Work required: Copy the listing exactly. Omit nothing.

Information:
#####
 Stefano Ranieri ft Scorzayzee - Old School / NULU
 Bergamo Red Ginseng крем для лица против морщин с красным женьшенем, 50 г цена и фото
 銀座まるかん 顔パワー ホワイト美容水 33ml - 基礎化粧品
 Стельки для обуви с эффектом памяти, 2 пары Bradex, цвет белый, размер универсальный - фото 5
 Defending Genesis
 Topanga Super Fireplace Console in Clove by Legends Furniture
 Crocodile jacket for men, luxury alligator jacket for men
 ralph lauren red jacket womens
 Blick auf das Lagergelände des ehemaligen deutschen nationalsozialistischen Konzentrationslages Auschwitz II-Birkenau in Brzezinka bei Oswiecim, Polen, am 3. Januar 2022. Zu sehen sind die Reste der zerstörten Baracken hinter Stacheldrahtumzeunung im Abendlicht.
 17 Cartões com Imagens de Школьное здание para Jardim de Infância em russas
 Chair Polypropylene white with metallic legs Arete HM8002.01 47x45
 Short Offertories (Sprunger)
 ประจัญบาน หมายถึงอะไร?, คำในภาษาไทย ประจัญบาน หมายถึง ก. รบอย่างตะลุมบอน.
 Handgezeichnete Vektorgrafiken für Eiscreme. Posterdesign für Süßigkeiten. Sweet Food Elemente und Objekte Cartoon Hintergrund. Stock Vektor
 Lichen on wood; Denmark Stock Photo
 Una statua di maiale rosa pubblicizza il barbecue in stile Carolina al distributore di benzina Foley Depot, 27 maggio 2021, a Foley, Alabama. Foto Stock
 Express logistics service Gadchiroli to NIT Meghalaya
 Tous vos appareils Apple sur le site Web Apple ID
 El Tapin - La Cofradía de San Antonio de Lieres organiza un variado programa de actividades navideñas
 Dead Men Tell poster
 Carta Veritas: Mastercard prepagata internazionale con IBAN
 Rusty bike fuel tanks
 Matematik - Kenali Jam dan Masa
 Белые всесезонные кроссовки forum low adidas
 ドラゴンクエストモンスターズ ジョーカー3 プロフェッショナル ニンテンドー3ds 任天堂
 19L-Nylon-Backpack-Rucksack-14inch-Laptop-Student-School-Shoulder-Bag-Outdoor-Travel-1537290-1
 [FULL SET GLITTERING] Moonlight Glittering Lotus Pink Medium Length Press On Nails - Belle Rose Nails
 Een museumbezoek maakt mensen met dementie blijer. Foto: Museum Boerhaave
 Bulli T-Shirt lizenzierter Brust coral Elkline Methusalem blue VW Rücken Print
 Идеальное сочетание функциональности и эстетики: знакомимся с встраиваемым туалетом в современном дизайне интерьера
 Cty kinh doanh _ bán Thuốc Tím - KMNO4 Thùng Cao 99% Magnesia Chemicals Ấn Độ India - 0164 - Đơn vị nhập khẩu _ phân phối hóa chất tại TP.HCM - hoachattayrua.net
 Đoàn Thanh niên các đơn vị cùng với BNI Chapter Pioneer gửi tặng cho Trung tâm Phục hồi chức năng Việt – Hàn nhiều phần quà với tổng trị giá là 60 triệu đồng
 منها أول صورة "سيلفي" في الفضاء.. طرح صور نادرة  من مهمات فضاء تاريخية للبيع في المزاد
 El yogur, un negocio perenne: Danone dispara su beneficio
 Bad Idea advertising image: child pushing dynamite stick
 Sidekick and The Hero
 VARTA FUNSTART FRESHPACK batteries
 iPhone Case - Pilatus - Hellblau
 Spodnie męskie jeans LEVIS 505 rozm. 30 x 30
#####
Output:
 Stefano Ranieri ft Scorzayzee - Old School / NULU
 Bergamo Red Ginseng крем для лица против морщин с красным женьшенем, 50 г цена и фото
 銀座まるかん 顔パワー ホワイト美容水 33ml - 基礎化粧品
 Стельки для обуви с эффектом памяти, 2 пары Bradex, цвет белый, размер универсальный - фото 5
 Defending Genesis
 Topanga Super Fireplace Console in Clove by Legends Furniture
 Crocodile jacket for men, luxury alligator jacket for men
 ralph lauren red jacket womens
 Blick auf das Lagergelände des ehemaligen deutschen nationalsozialistischen Konzentrationslages Auschwitz II-Birkenau in Brzezinka bei Oswiecim, Polen, am 3. Januar 2022. Zu sehen sind die Reste der zerstörten Baracken hinter Stacheldrahtumzeunung im Abendlicht.
 17 Cartões com Imagens de Школьное здание para Jardim de Infância em russas
 Chair Polypropylene white with metallic legs Arete HM8002.01 47x45
 Short Offertories (Sprunger)
 ประจัญบาน หมายถึงอะไร?, คำในภาษาไทย ประจัญบาน หมายถึง ก. รบอย่างตะลุมบอน.
 Handgezeichnete Vektorgrafiken für Eiscreme. Posterdesign für Süßigkeiten. Sweet Food Elemente und Objekte Cartoon Hintergrund. Stock Vektor
 Lichen on wood; Denmark Stock Photo
 Una statua di maiale rosa pubblicizza il barbecue in stile Carolina al distributore di benzina Foley Depot, 27 maggio 2021, a Foley, Alabama. Foto Stock
 Express logistics service Gadchiroli to NIT Meghalaya
 Tous vos appareils Apple sur le site Web Apple ID
 El Tapin - La Cofradía de San Antonio de Lieres organiza un variado programa de actividades navideñas
 Dead Men Tell poster
 Carta Veritas: Mastercard prepagata internazionale con IBAN
 Rusty bike fuel tanks
 Matematik - Kenali Jam dan Masa
 Белые всесезонные кроссовки forum low adidas
 ドラゴンクエストモンスターズ ジョーカー3 プロフェッショナル ニンテンドー3ds 任天堂
 19L-Nylon-Backpack-Rucksack-14inch-Laptop-Student-School-Shoulder-Bag-Outdoor-Travel-1537290-1
 [FULL SET GLITTERING] Moonlight Glittering Lotus Pink Medium Length Press On Nails - Belle Rose Nails
 Een museumbezoek maakt mensen met dementie blijer. Foto: Museum Boerhaave
 Bulli T-Shirt lizenzierter Brust coral Elkline Methusalem blue VW Rücken Print
 Идеальное сочетание функциональности и эстетики: знакомимся с встраиваемым туалетом в современном дизайне интерьера
 Cty kinh doanh _ bán Thuốc Tím - KMNO4 Thùng Cao 99% Magnesia Chemicals Ấn Độ India - 0164 - Đơn vị nhập khẩu _ phân phối hóa chất tại TP.HCM - hoachattayrua.net
 Đoàn Thanh niên các đơn vị cùng với BNI Chapter Pioneer gửi tặng cho Trung tâm Phục hồi chức năng Việt – Hàn nhiều phần quà với tổng trị giá là 60 triệu đồng
 منها أول صورة "سيلفي" في الفضاء.. طرح صور نادرة  من مهمات فضاء تاريخية للبيع في المزاد
 El yogur, un negocio perenne: Danone dispara su beneficio
 Bad Idea advertising image: child pushing dynamite stick
 Sidekick and The Hero
 VARTA FUNSTART FRESHPACK batteries
 iPhone Case - Pilatus - Hellblau
 Spodnie męskie jeans LEVIS 505 rozm. 30 x 30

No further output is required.